Из подъезда вышла женщина средних лет. Тяжелая, грузная, в черном платке на голове. Она была одета в бесформенное темное пальто, глаза красные. Похоже, что с момента гибели дочери она не спала. Эдмундсон знал из документов, что женщина всего на два года старше Анны — ей было 48 лет. Анна приблизилась к ней и протянула букет.
— Мне очень жаль. Примите мои соболезнования.
— Кто вы такая? — глухо спросила женщина, окидывая взглядом лощеную незнакомку.
— Я… Неважно, это букет от Мартина. Ему правда очень жаль.
— А ты его любовница, да?
— Простите? — Анна опешила. В полнейшей тишине толпа расступилась, пропуская женщину ближе к Анне. Через несколько секунд они оказались под одним зонтом.
— Тебе жаль? Правда? Ты разве не вздохнула с облегчением, что в твоей жизни стало неприятностей на одну меньше?
— Я понимаю ваше горе… — Анна попыталась отступить, но женщина не дала ей такой возможности, она сделала шаг вперед.
— Ни хрена ты не понимаешь. Ты живешь своей идеальной жизнью со своим прекрасным мужем, и каждое утро тебя просто разрывает от того, что сегодня ночью он трахал тебя, а не какую-нибудь малолетнюю дурочку. Правда же? И сюда ты приехала, чтобы показать свое превосходство, чтобы убедиться, что тебе повезло, а моей девочке нет.
— Вовсе…
— Заткнись. — Женщина вплотную приблизилась к Анне. — Мне не нужно твое гребаное сочувствие. Мне нужна моя дочь.

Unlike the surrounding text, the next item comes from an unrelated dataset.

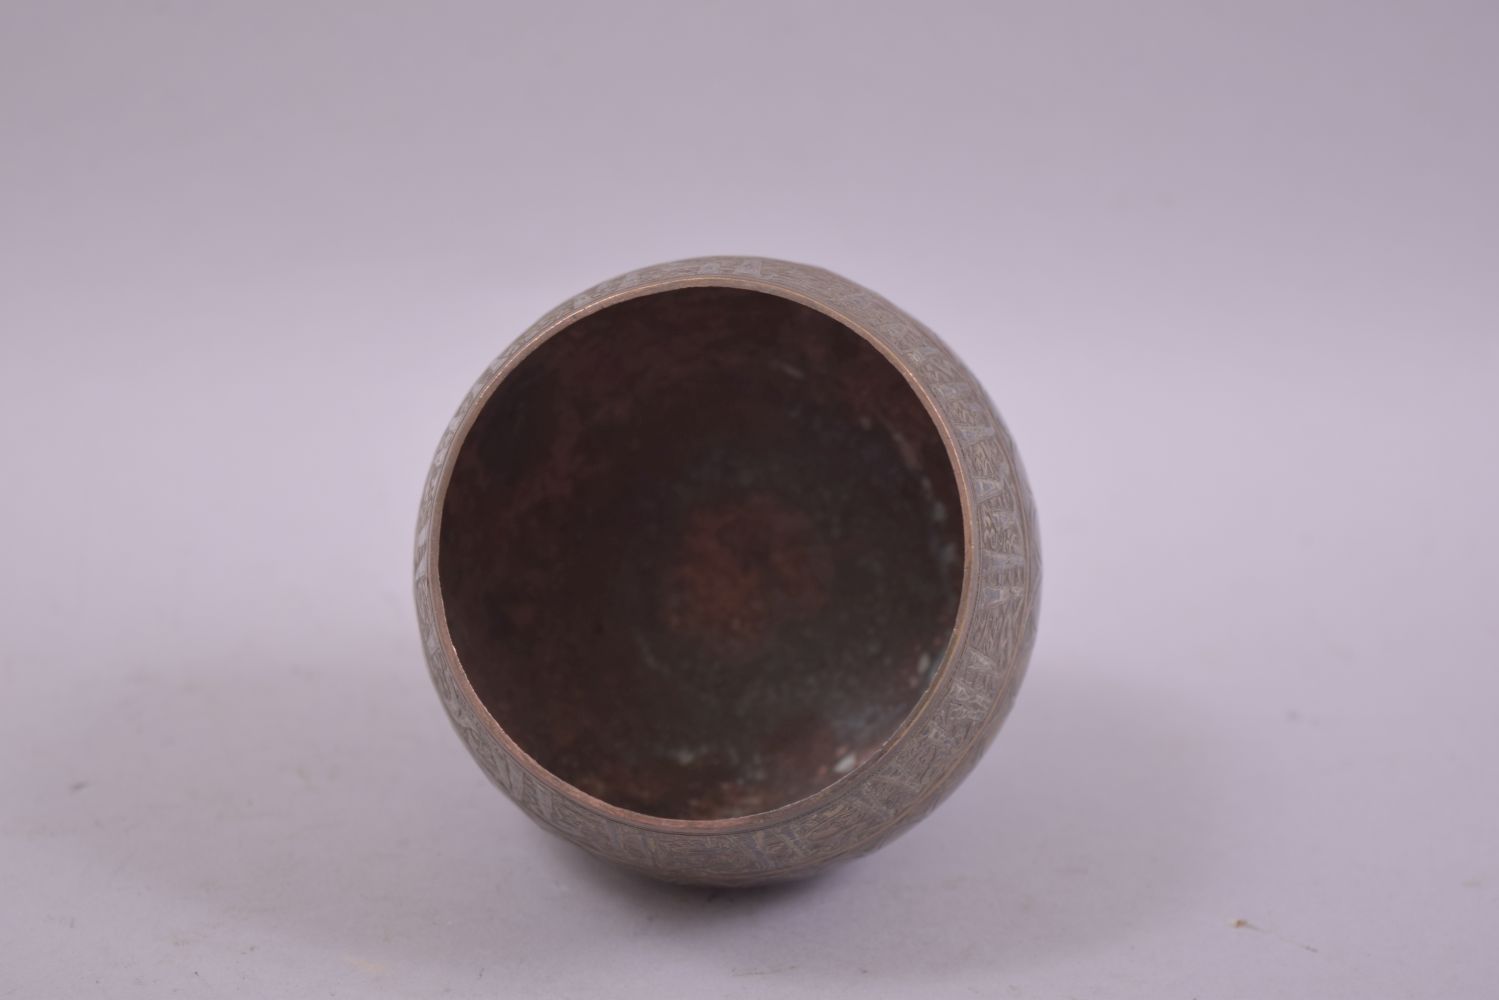 A FINE ISLAMIC SMALL BRASS SILVER AND COPPER OVERLAID GOBLET, 8.5cm high. - Image 5 of 6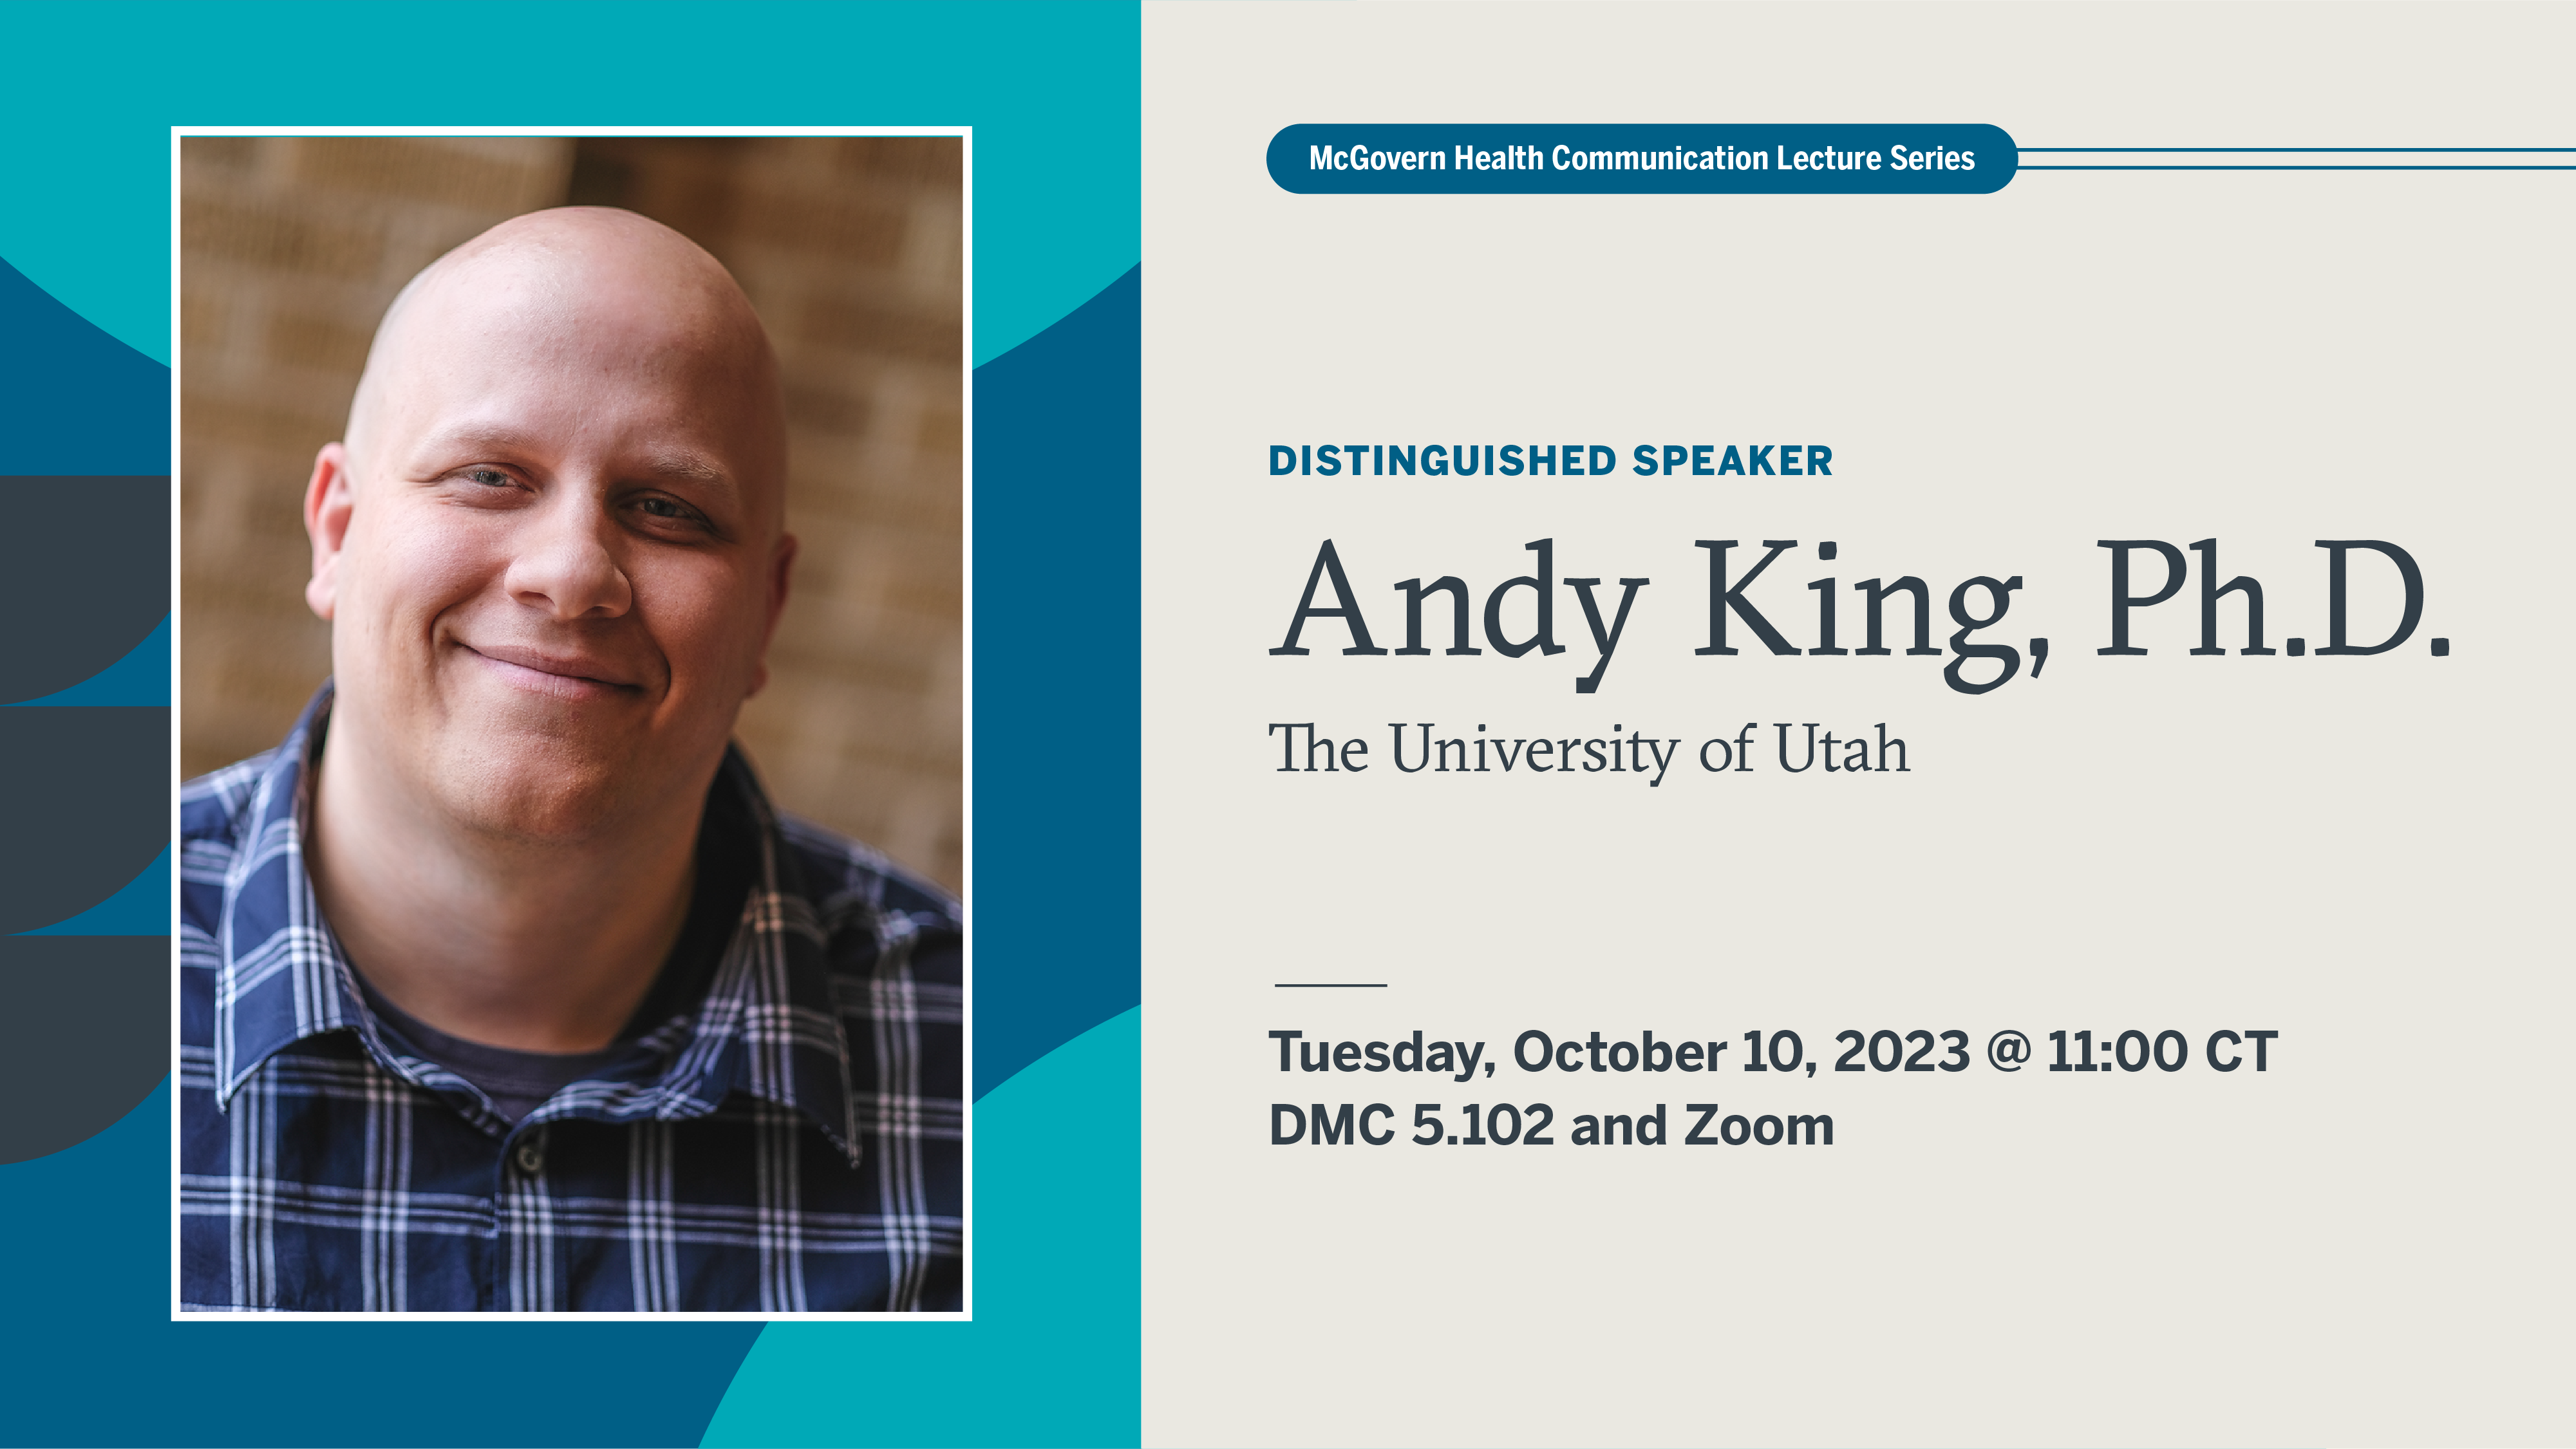 Graphic with a headshot of Andy King, Ph.D., a white, bald man, in a plaid shirt smiling at the camera on the left side. The right side of the graphic reads McGovern Health Communication Lecture Series, Distinguished Speaker Andy King Ph.D., The University of Utah. Tuesday, October 10, 2023 at 11:00 CT. DMC 5.102 and Zoom.

Она вырвала букет из рук Анны и отбросила его в лужу, плюнув на дорогой кашемировый свитер незнакомки.
Эдмундсон решил, что пришла пора вмешаться. В несколько шагов он решительно пересек улицу и подошел к женщине, мягко взял ее за рукав.
— Фру Бачински, кремация вашей дочери начнется через сорок минут. Вы же не хотите на нее опоздать, правда?
Женщина была сбита с толку — она смотрела на нелепого худого мужчину средних лет, от которого исходила какая-то смутная угроза.
— Ты кто такой?
Ее акцент стал намного заметнее, казалось, что в разговоре с Анной она держалась из последних сил, но они ее покинули. Мужчина потянулся за документами.
— Инспектор Эдмундсон. Полиция.
— А что здесь делает полиция? Что вы расследуете? Они что, спалили мою девочку?
В толпе послышался гул. Люди начали окружать Анну и Эдмундсона плотным кольцом.
— Нет, вовсе нет. Это было самоубийство. Дело закрыто. И эта женщина и ее муж совершенно ни при чем. Все, чего они хотели, — это сказать, что им действительно жаль.
Женщина несколько секунд мерила Эдмундсона взглядом. Молодая девушка — полная, в черном платке — взяла ее за руку и потянула к подъехавшему микроавтобусу, который должен был отвезти их в крематорий. И хотя по католической традиции тело необходимо было предать земле, в последний момент мать решила, что все должно быть, как этого хотела Рита. Она должна стать пеплом. Толпа загрузилась в автобус, а Анна так и стояла под зонтом, не замечая, что ее обувь полностью промокла, и не решаясь уйти. Инспектор повернулся к ней.
— Вы в порядке?
— Спасибо, — прошептала Анна и почувствовала, что ее колотит крупная дрожь.